• To do:
For the material below, the expected output is exactly the lines between the line holding "salle de bain" and the line holding "Migrações: Quase 800", inclusive, with pictures left out.

• Given records:
══════

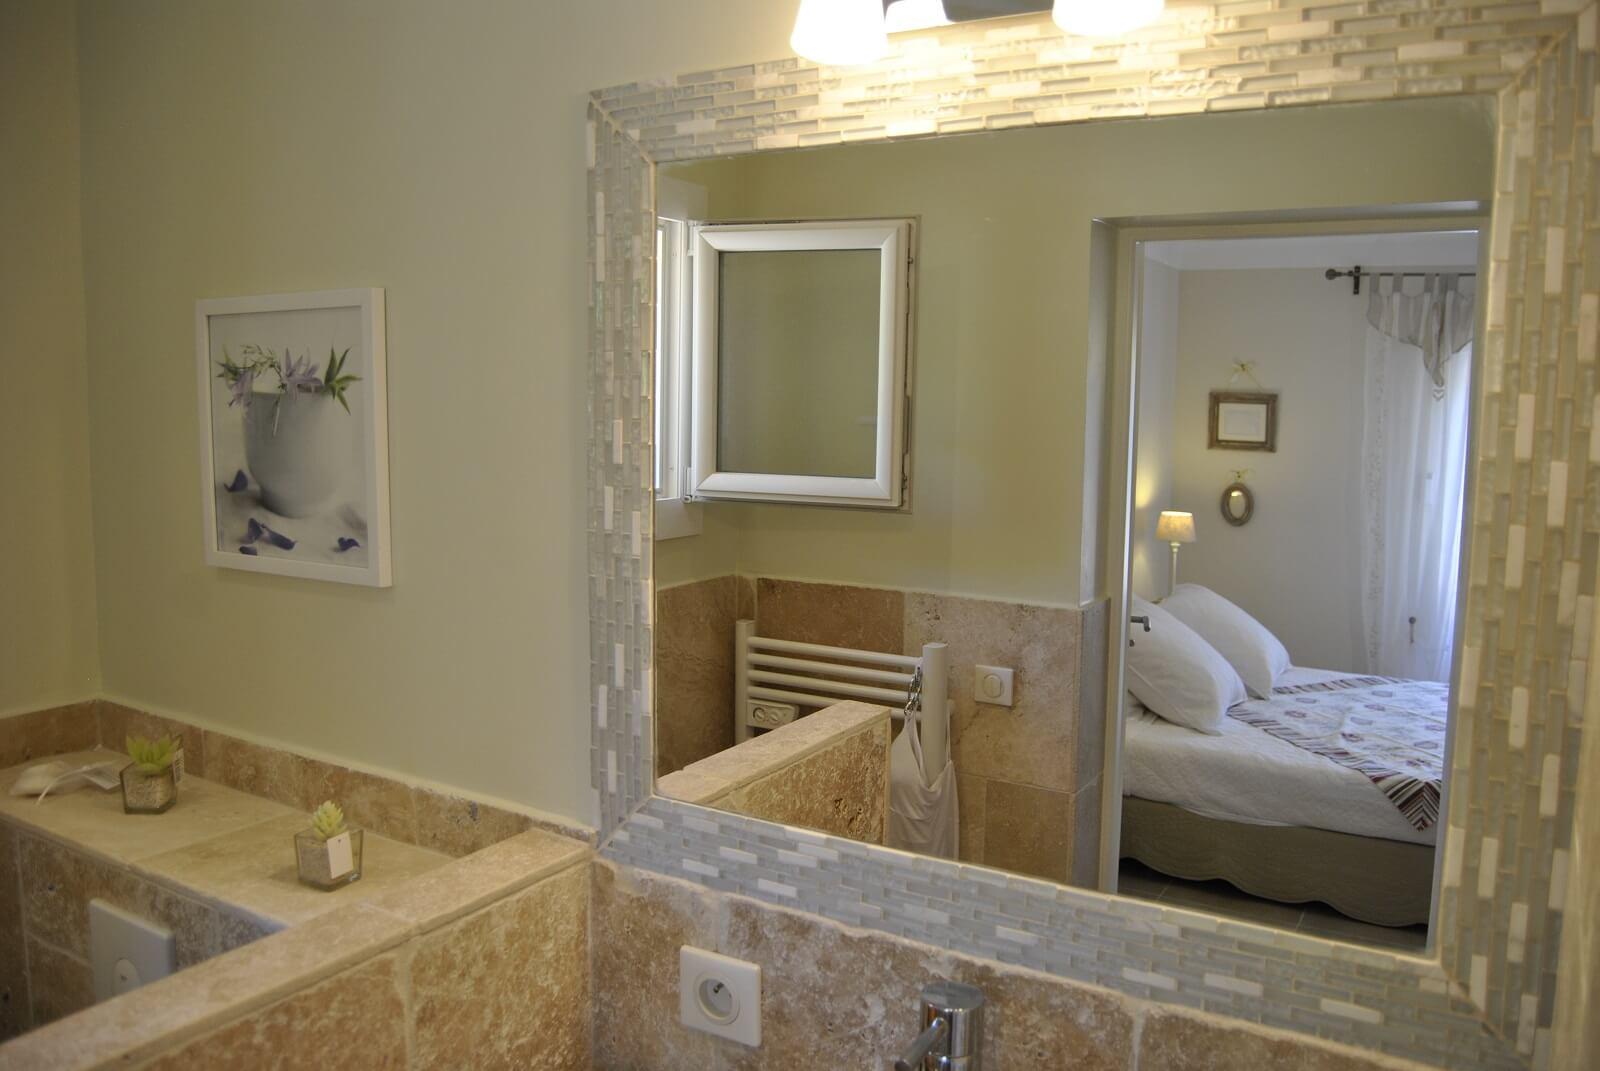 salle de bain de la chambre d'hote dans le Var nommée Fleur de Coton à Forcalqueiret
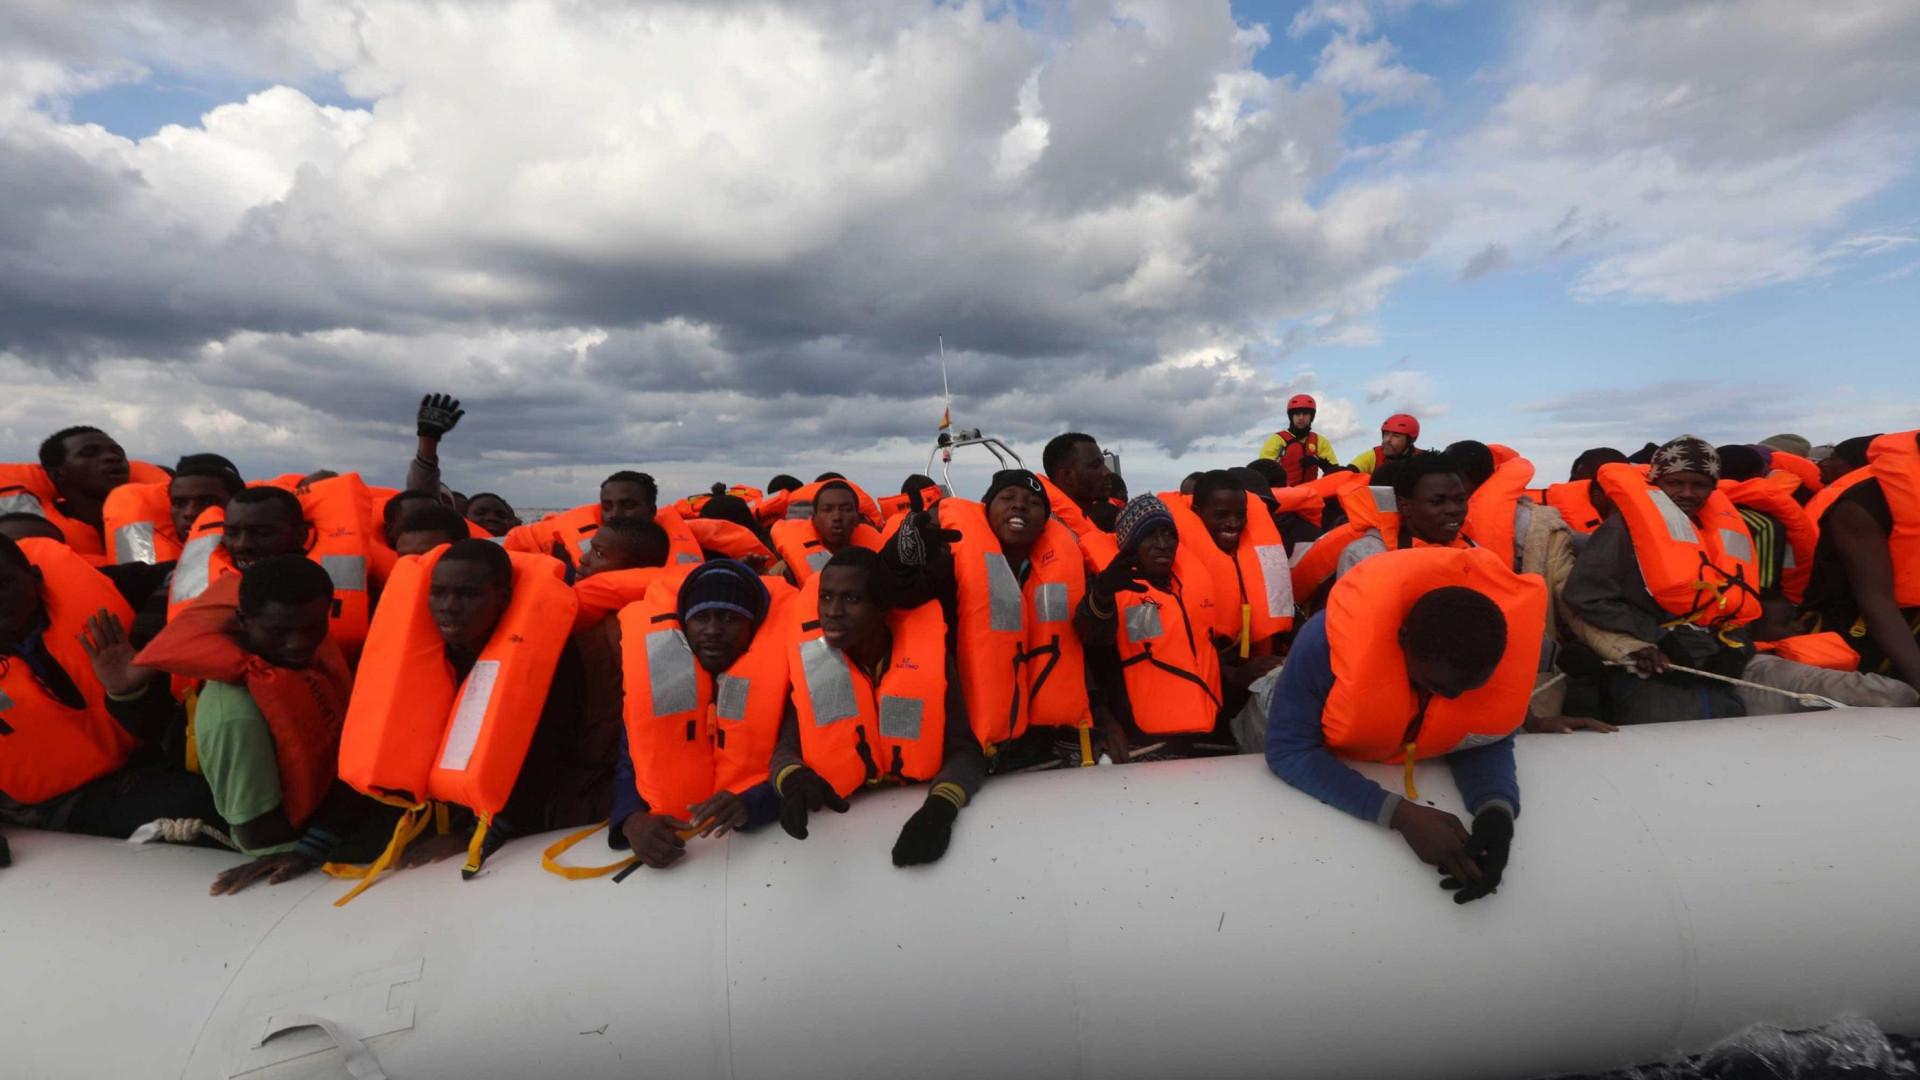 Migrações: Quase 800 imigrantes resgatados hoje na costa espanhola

══════

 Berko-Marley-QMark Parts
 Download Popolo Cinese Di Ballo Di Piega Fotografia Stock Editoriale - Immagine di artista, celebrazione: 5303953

══════

• Response area:
 salle de bain de la chambre d'hote dans le Var nommée Fleur de Coton à Forcalqueiret
 Migrações: Quase 800 imigrantes resgatados hoje na costa espanhola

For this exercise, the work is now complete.